[PROBLEM TO SOLVE]:
Once the line holding "Favori Myanmar (Burma), girl" is found in the entries below, transcribe exactly every line up to and including the one holding "Gruppenfoto bei der", but leave out the pictures.

[EXCERPTED DATA]:
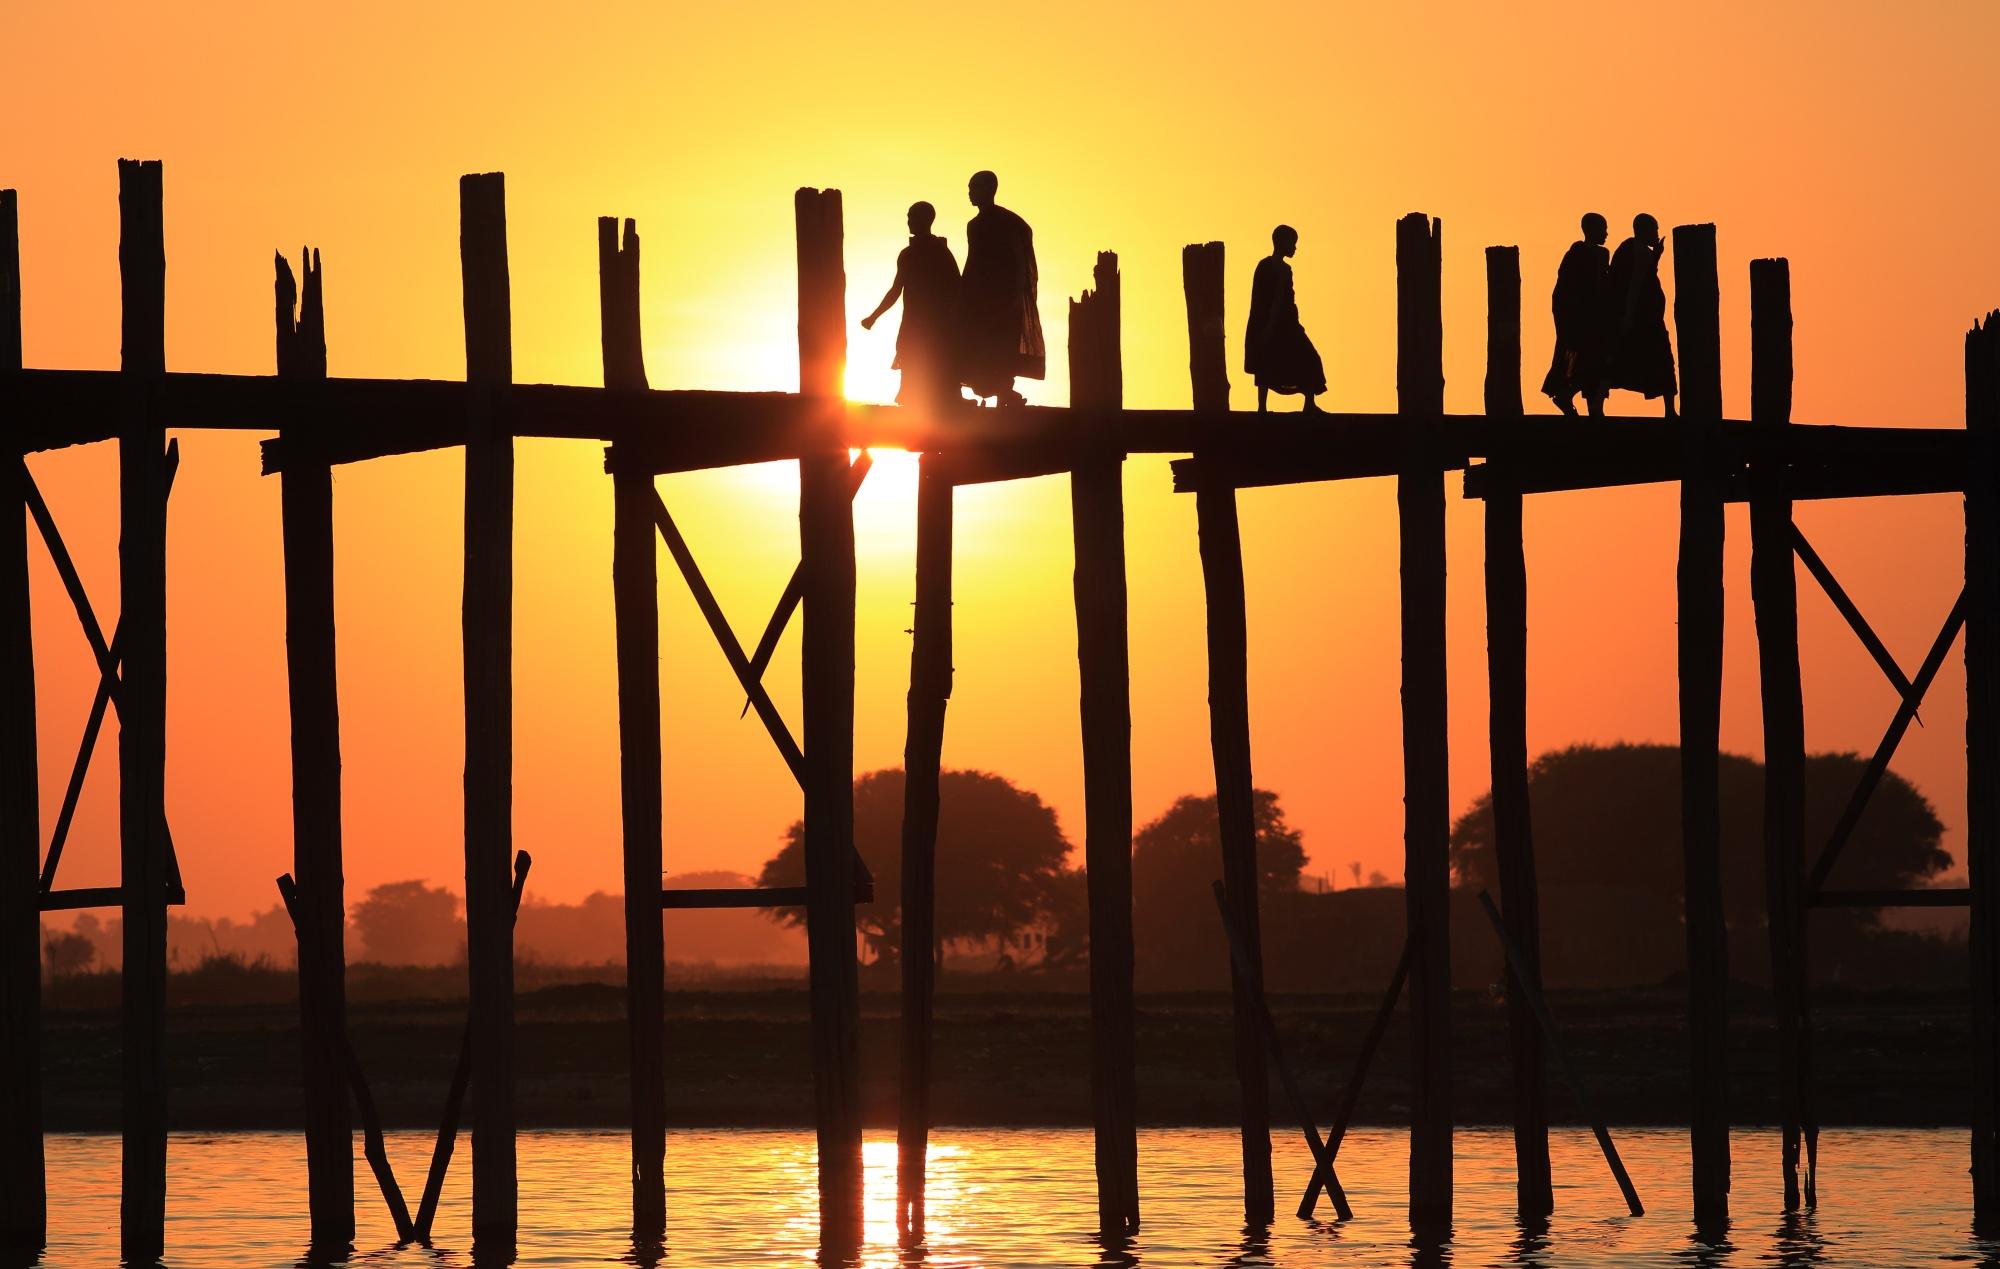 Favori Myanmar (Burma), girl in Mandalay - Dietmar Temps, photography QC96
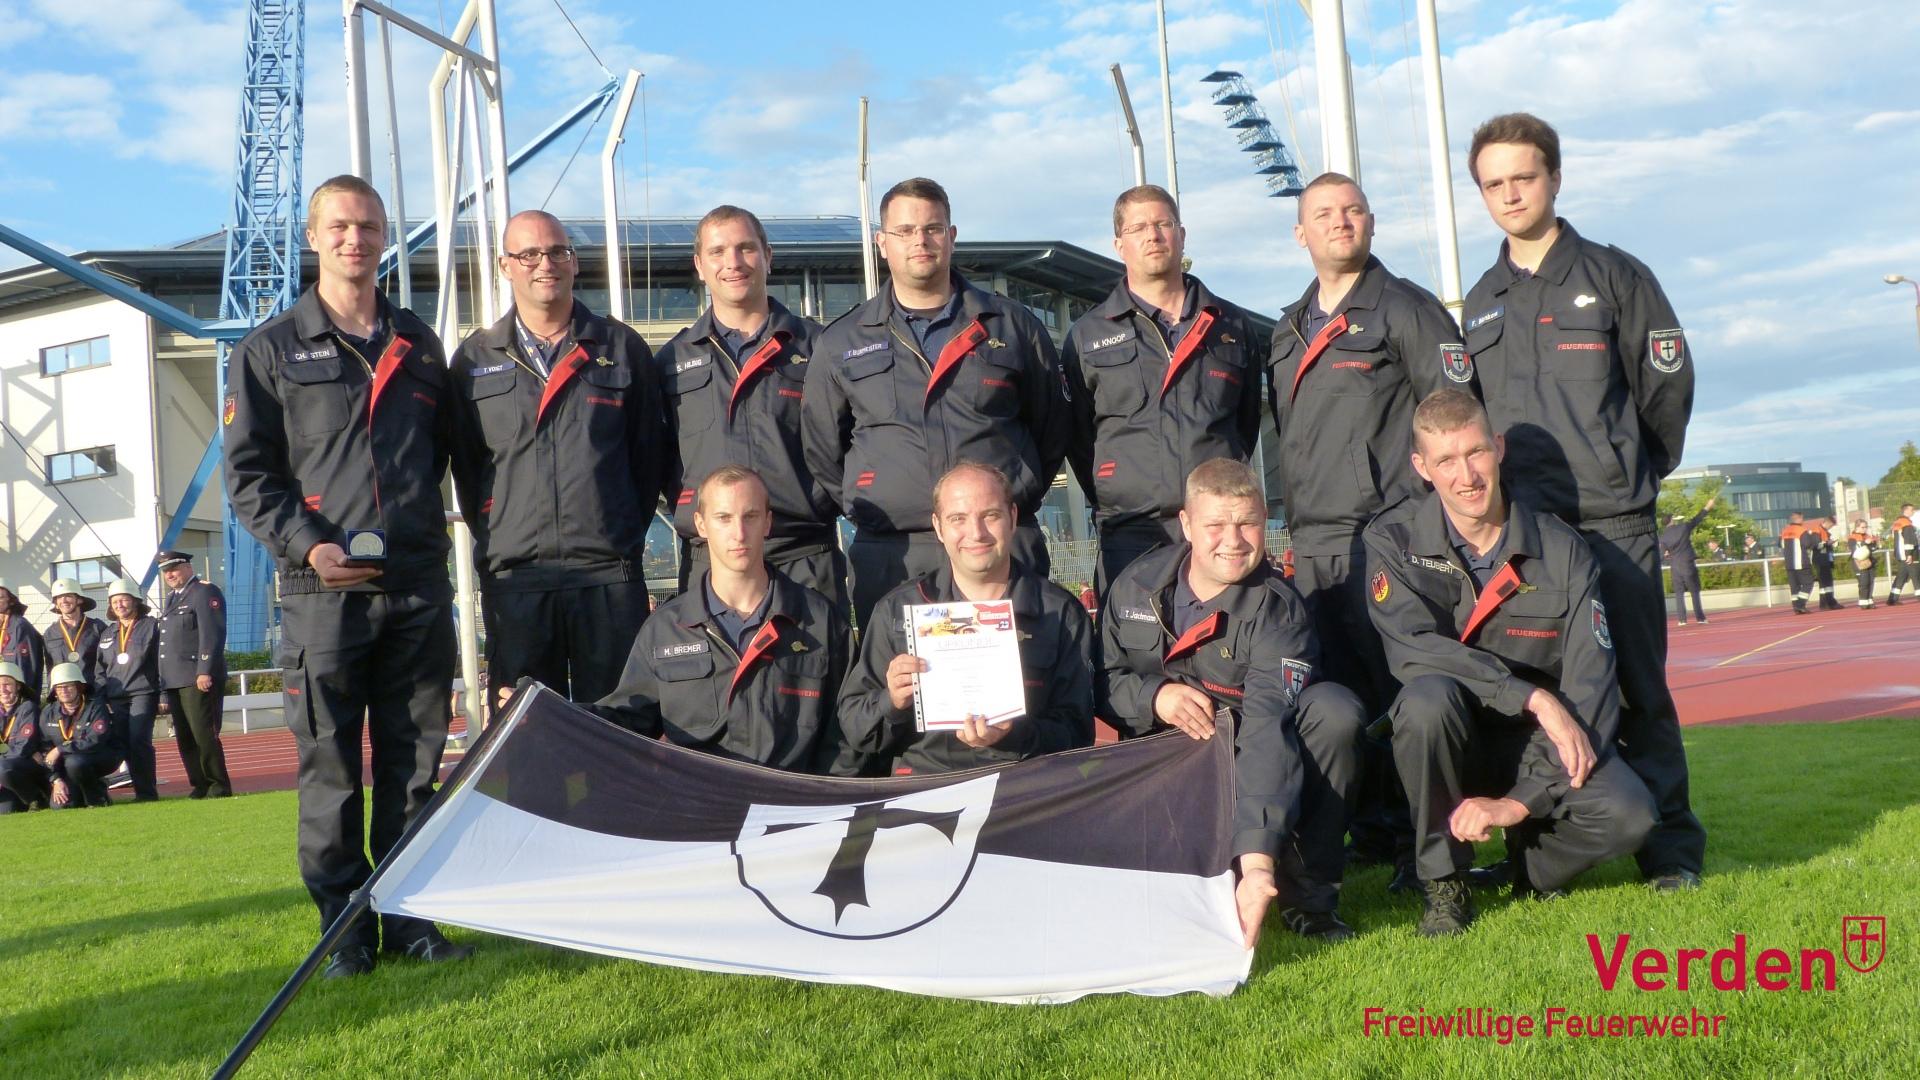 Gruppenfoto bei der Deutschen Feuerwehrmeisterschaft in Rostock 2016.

* * *

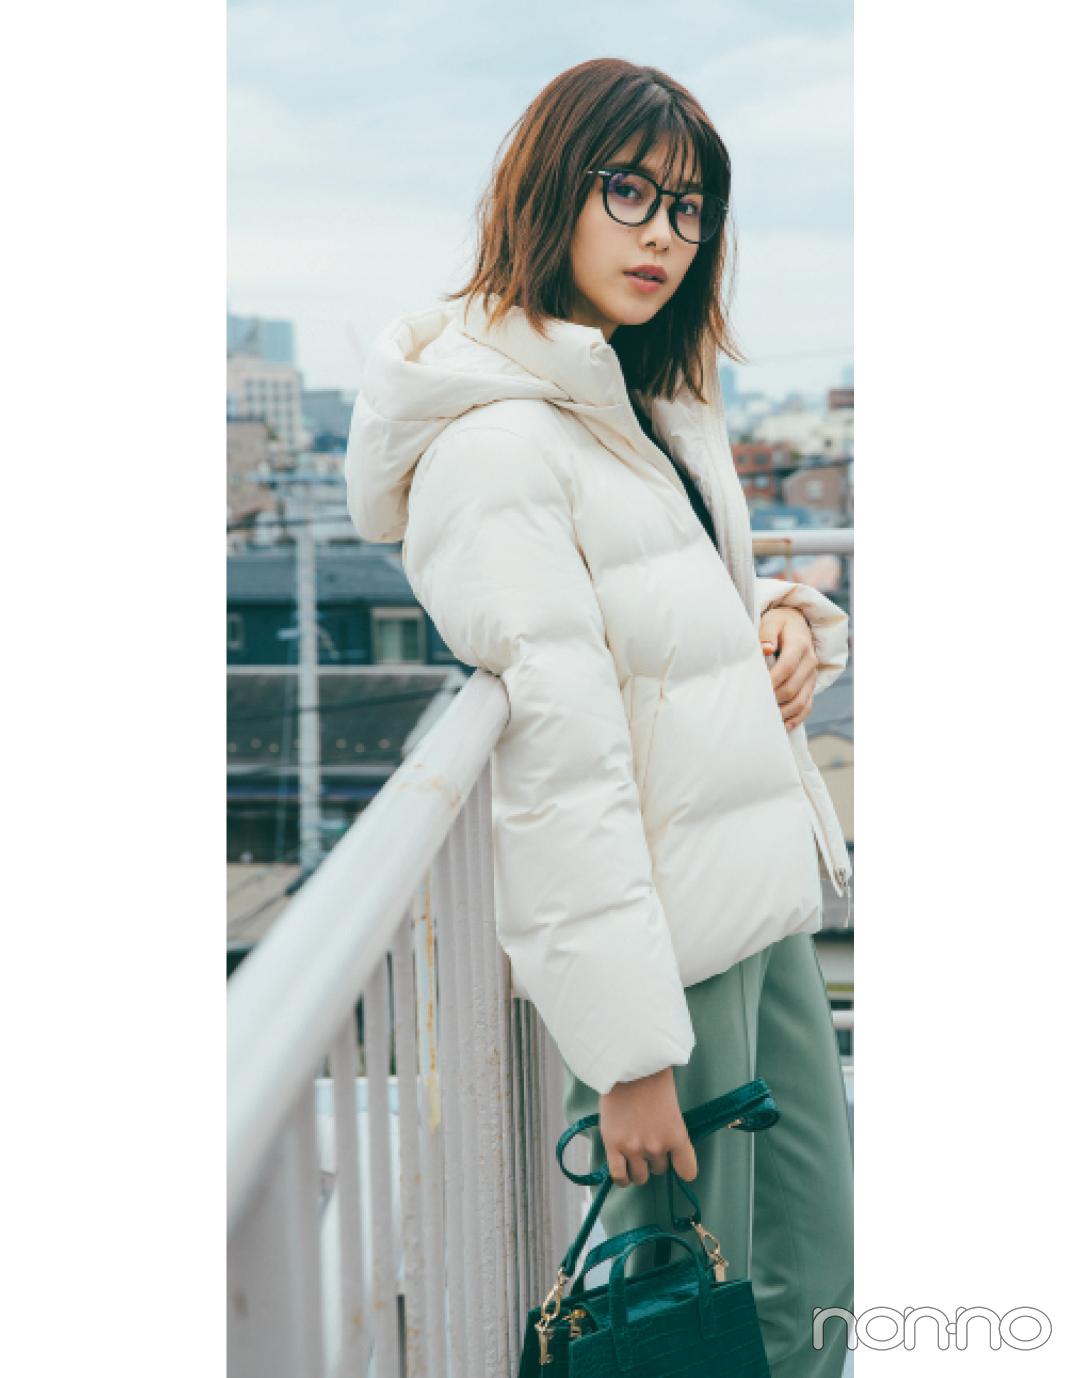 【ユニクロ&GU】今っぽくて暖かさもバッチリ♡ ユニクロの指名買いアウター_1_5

* * *

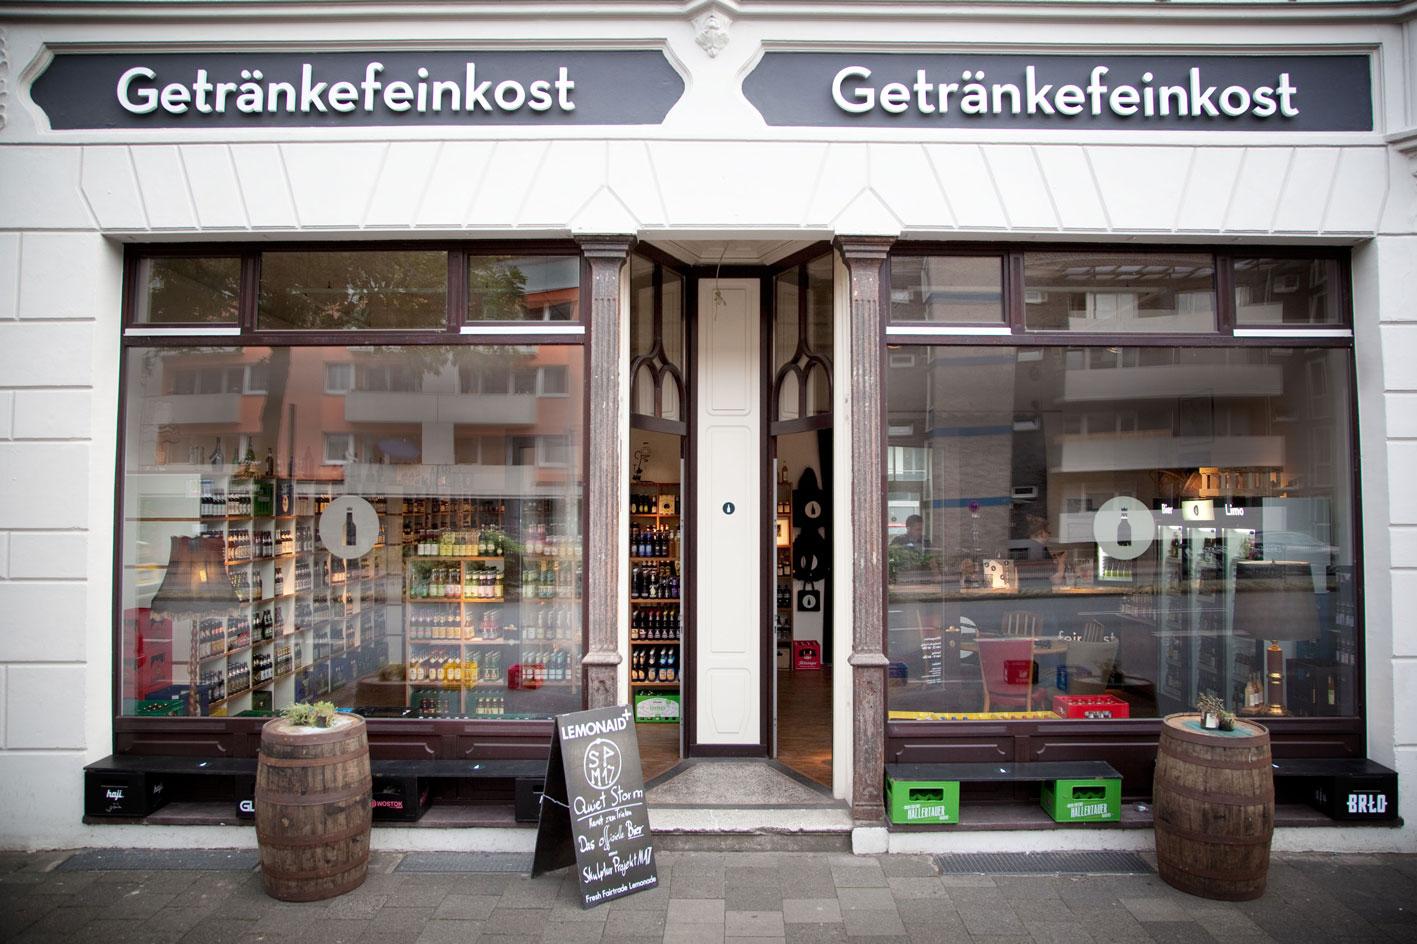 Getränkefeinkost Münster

[EXERCISE RESPONSE]:
 Favori Myanmar (Burma), girl in Mandalay - Dietmar Temps, photography QC96
 Gruppenfoto bei der Deutschen Feuerwehrmeisterschaft in Rostock 2016.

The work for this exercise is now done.